_What you have to do_
Apart from the pictures, everything in the lines below must be printed exactly.

_Information supplied_
========================================

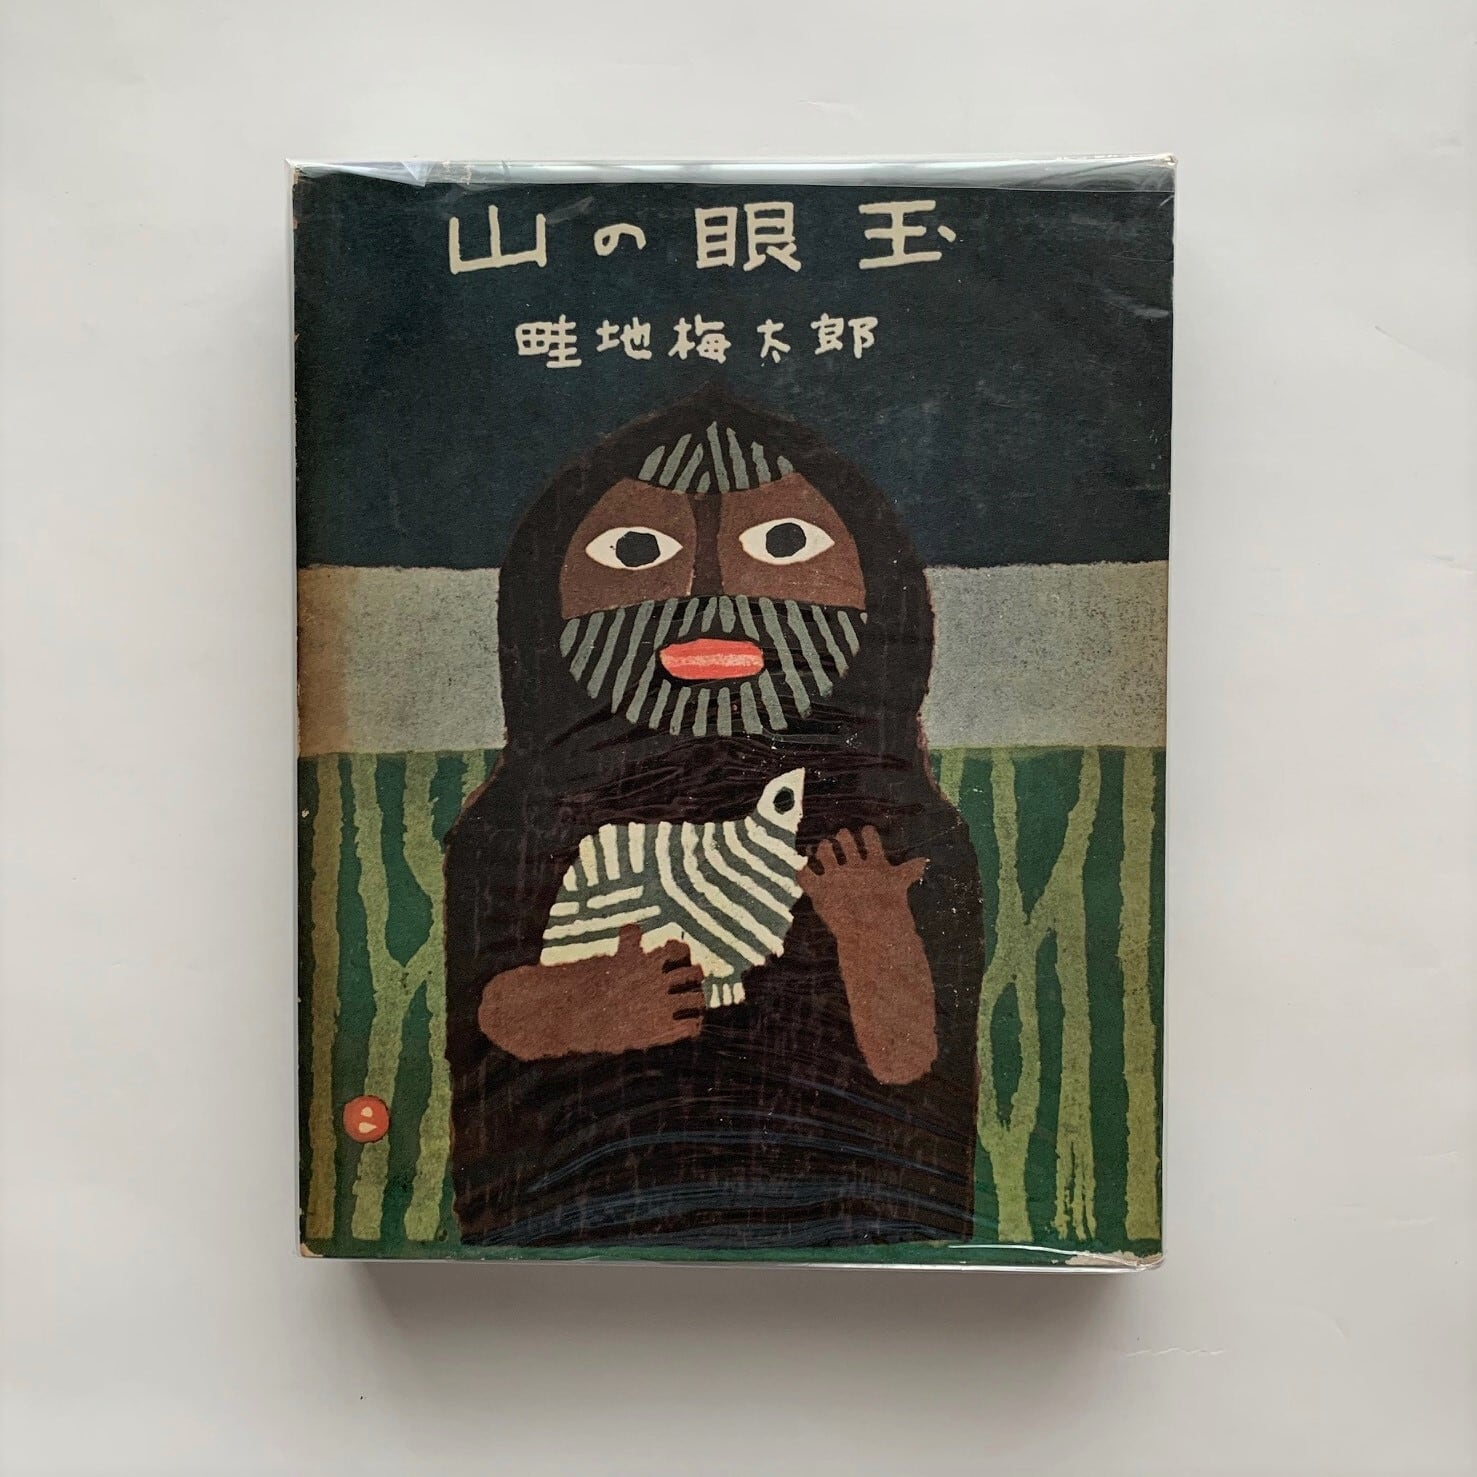 山の眼玉 / 畦地梅太郎
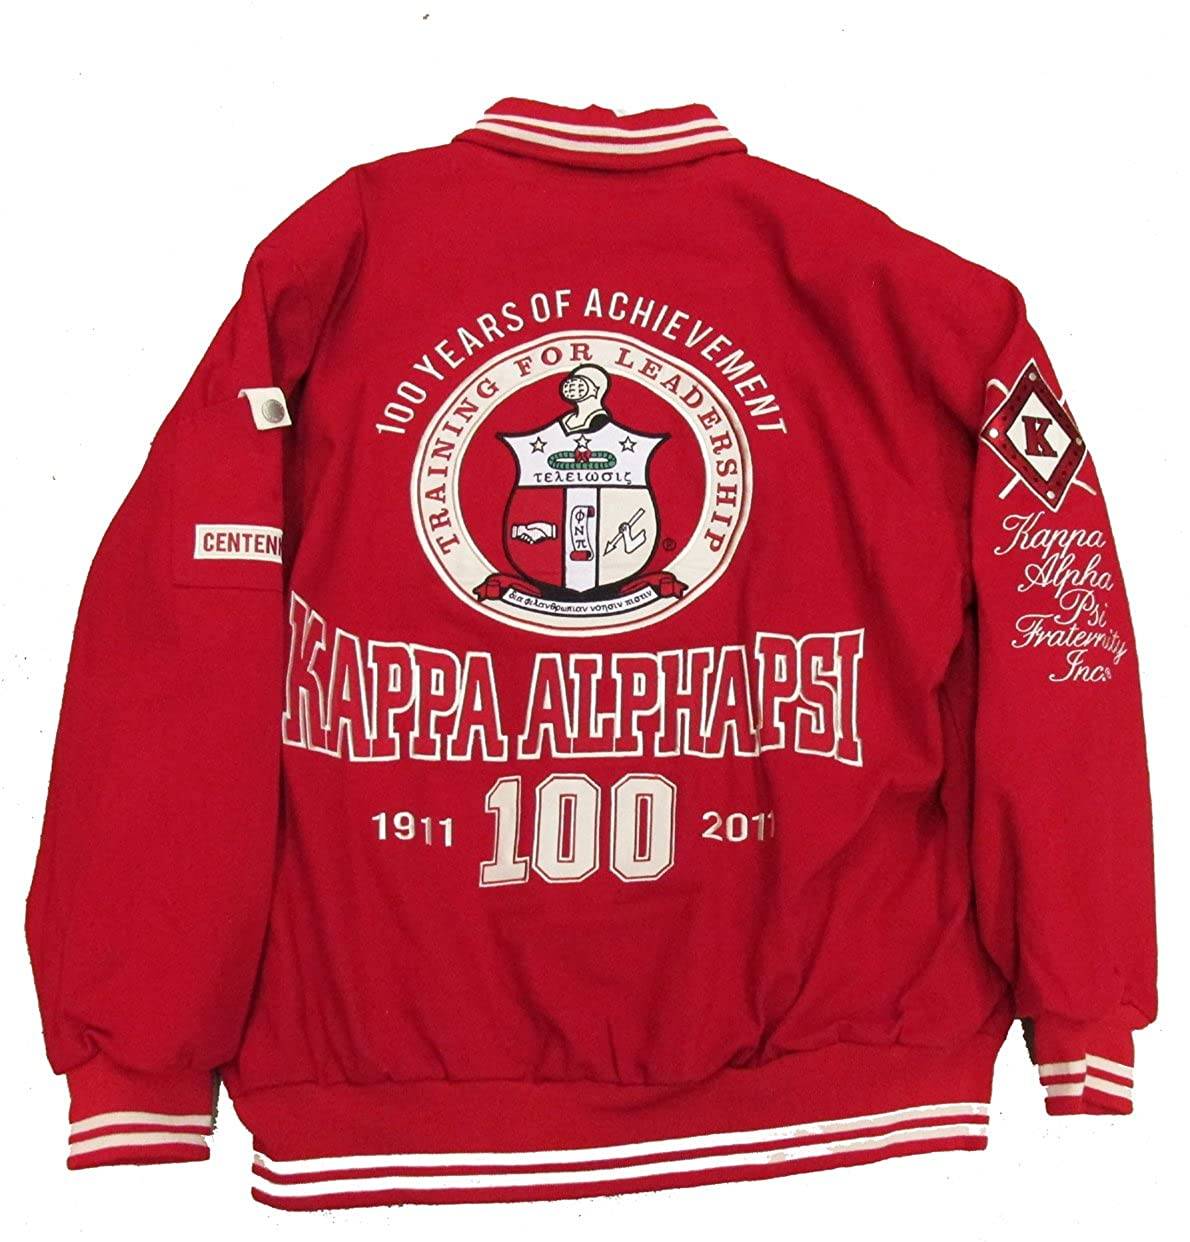 43ad774a77e Amazon.com  Kappa Alpha Psi Varsity Trimmed Fraternity Mens Big   Tall  Jacket  Clothing
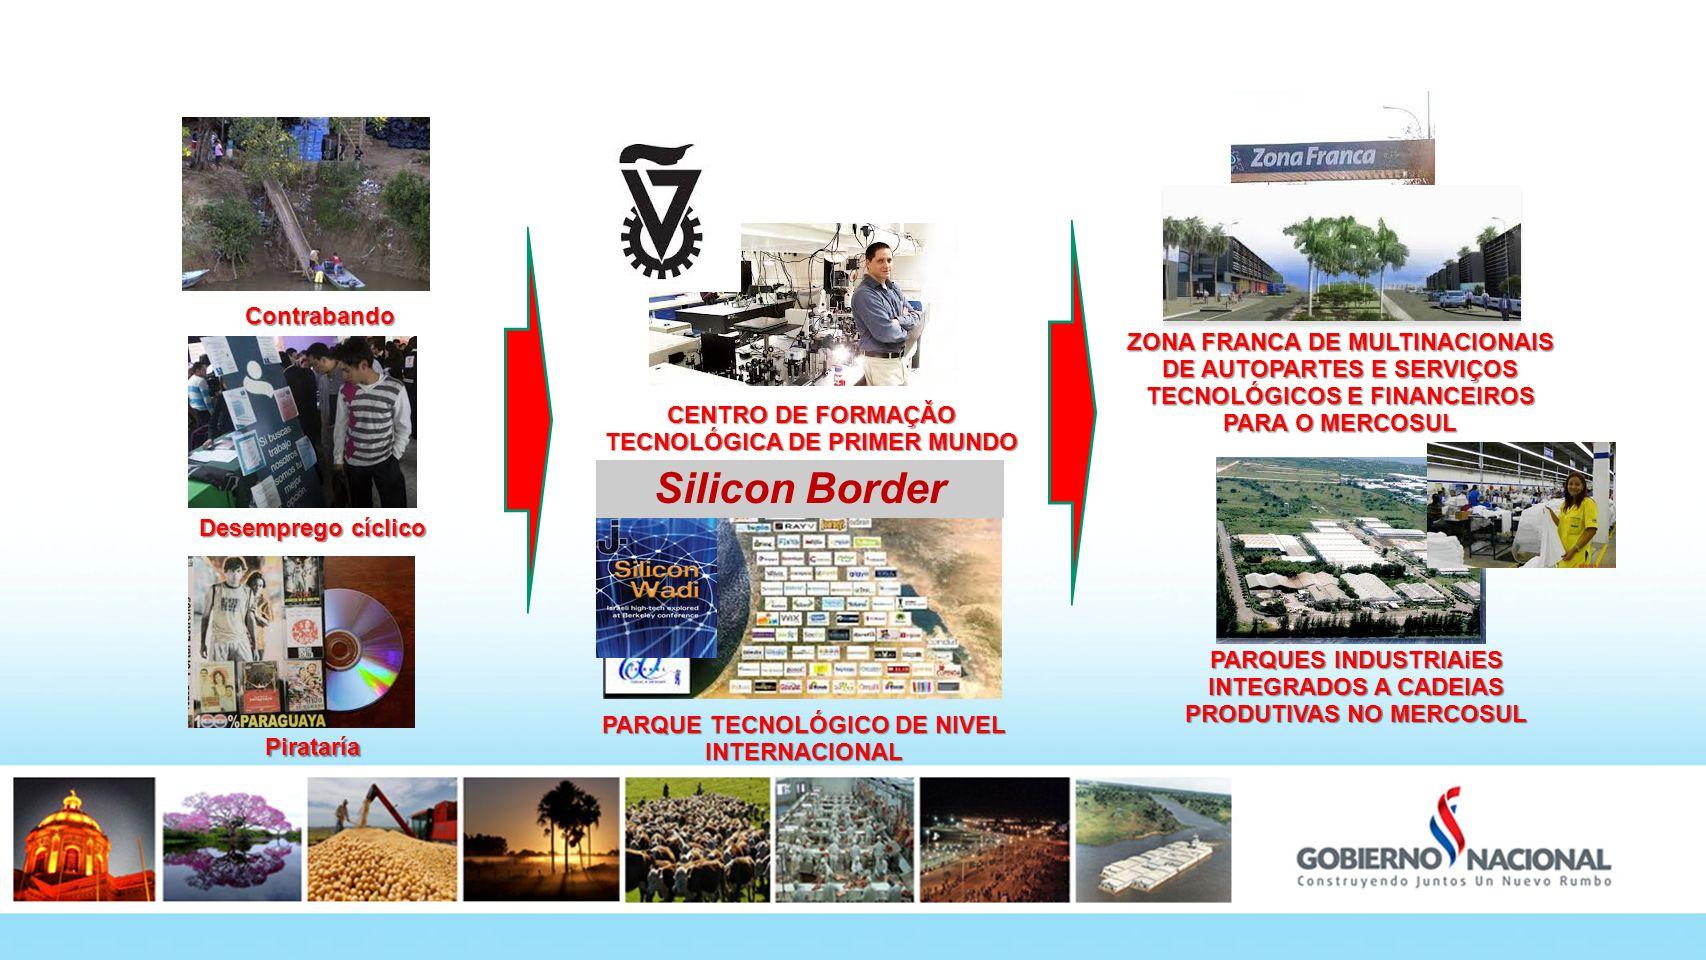 Fronteras 180º PARQUE TECNOLÓGICO DE NIVEL INTERNACIONAL CENTRO DE FORMAÇǍO TECNOLÓGICA DE PRIMER MUNDO ZONA FRANCA DE MULTINACIONAIS DE AUTOPARTES E
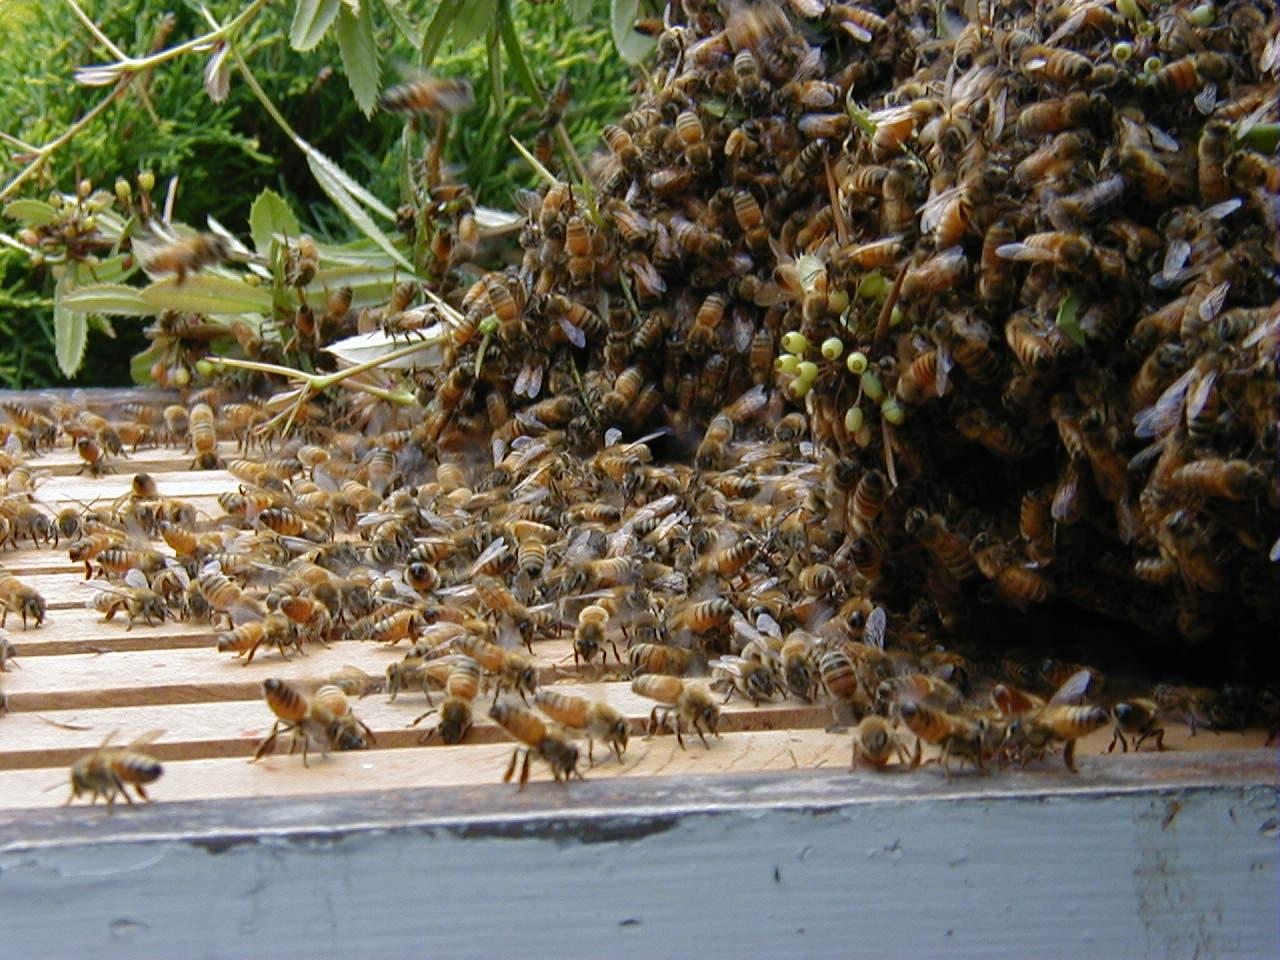 Top of hive box

========================================

_Exercise response_
 山の眼玉 / 畦地梅太郎
 43ad774a77e Amazon.com  Kappa Alpha Psi Varsity Trimmed Fraternity Mens Big   Tall  Jacket  Clothing
 Fronteras 180º PARQUE TECNOLÓGICO DE NIVEL INTERNACIONAL CENTRO DE FORMAÇǍO TECNOLÓGICA DE PRIMER MUNDO ZONA FRANCA DE MULTINACIONAIS DE AUTOPARTES E
 Top of hive box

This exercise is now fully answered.